Otto’s mouth twitched. “If you want my hat, take it.”
“Would that I could, but I’d be afraid of frosting your hair with snow when you departed. I cause too many grey hairs already.” Cesco’s eyes darted between Cangrande and the Burgundian. “Dare I ask the news?”
“What do you not dare?” growled Bailardino.
Otto answered in an even tone. “Nothing of war. I am only a messenger.”
“Nothing of war? Then how are your men to keep their skills sharp? I shall have to visit the camp and put them through their paces.”
“You would be most welcome, Ser François,” said Otto. “If only to allow Yuri and Fabio time to recover from their respite in town. Fabio’s arm cannot carry a shield for at least a month.”
“Indeed, François,” interjected Cangrande, “your sport seems more dangerous than my wars.”
“Because my sport has higher stakes.”
Otto was not unaware of the daggers in the counter-talk, but did not mind placing his body between the sharpened edges. “Speaking of sport, my young lord, our last hunt has become legendary. Morando Bevilaqua still talks of how your arrow jostled his on the way towards the hart. He says you owe him a chance to regain his honour at the hunt.”
“He wants to take my honour? What am I, a maid?”
“A lord with the wiles of a virtuous maid in an armed camp.”
“In your camp, that’s a wily maid indeed. Well, tell Bevilaqua I shall come, and he can attempt to take my maidenhead.” Even the impassive Otto could not restrain himself from laughing aloud, while Cangrande drank deeply and Bail scowled.
“Pardon, Nuncle.” Crossing past Pietro to the octagonal table, Cesco helped himself to a goblet of wine and poured himself languidly into another chair, exactly matching the Scaliger’s pose. “I take it Otto’s news is dire. Has he had a better offer? If not, can I make one?”

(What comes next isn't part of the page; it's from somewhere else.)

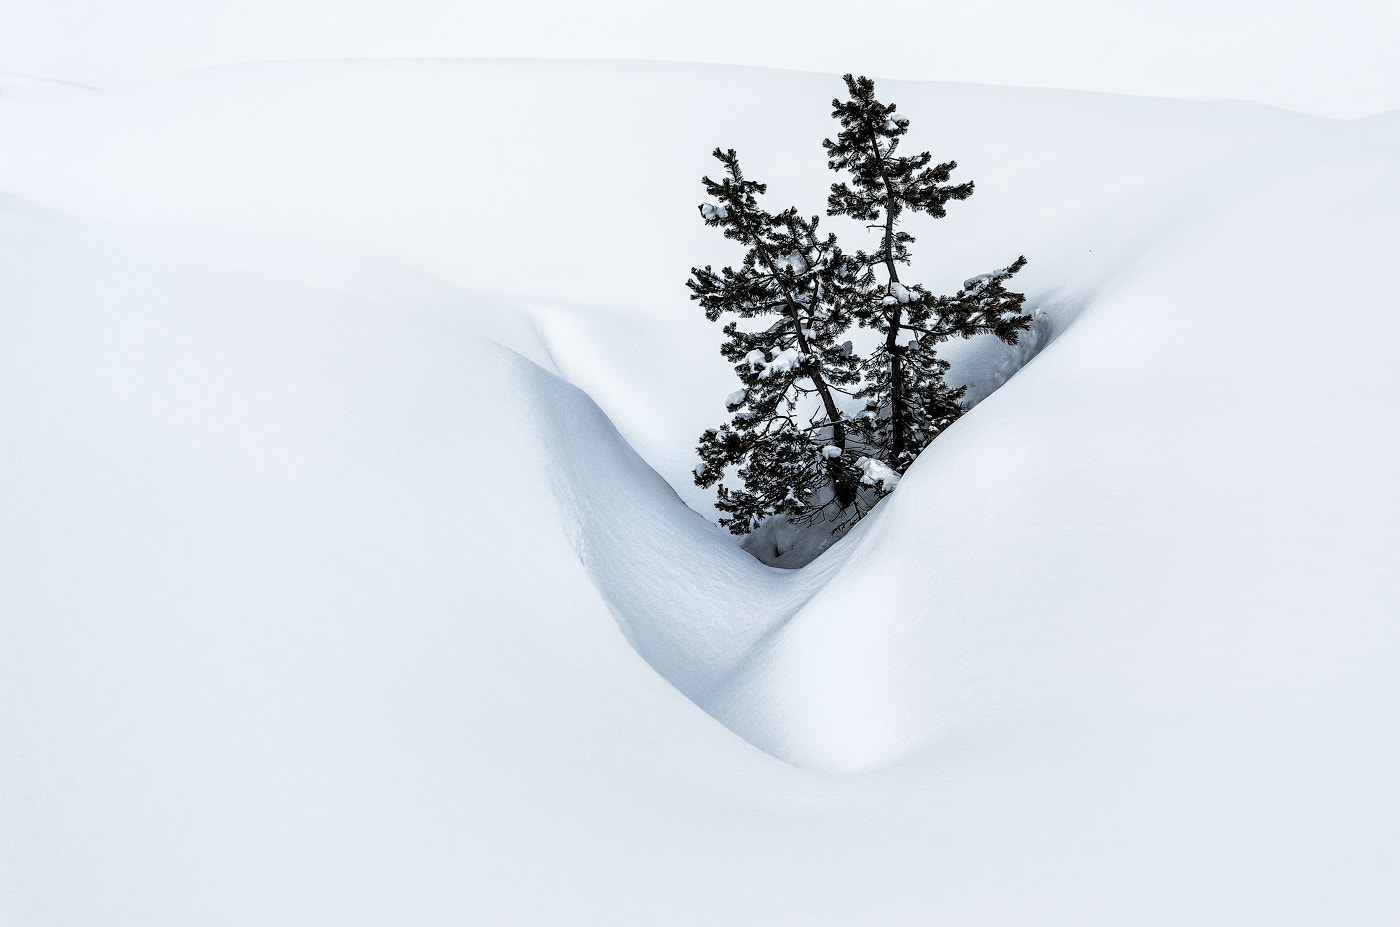 Pentax K-5 sample photo. Lost in the snow photography

“You cannot afford me,” said Otto.
Cangrande offered a grimacing smile. “Otto knows to whom his loyalty is owed. No, it’s Tempesta. He’s on his way here with a flag of truce, in the company of your cyclopean friend.”
Cesco frowned. “Tharwat? Is that where he’s gone?”
Pietro blanched, but Cangrande clarified at once. “Berthold. Though you’re right, we seem to be collecting one-eyed acquaintances. Is it a statement on the myopia of our enemies? Their lack of vision?”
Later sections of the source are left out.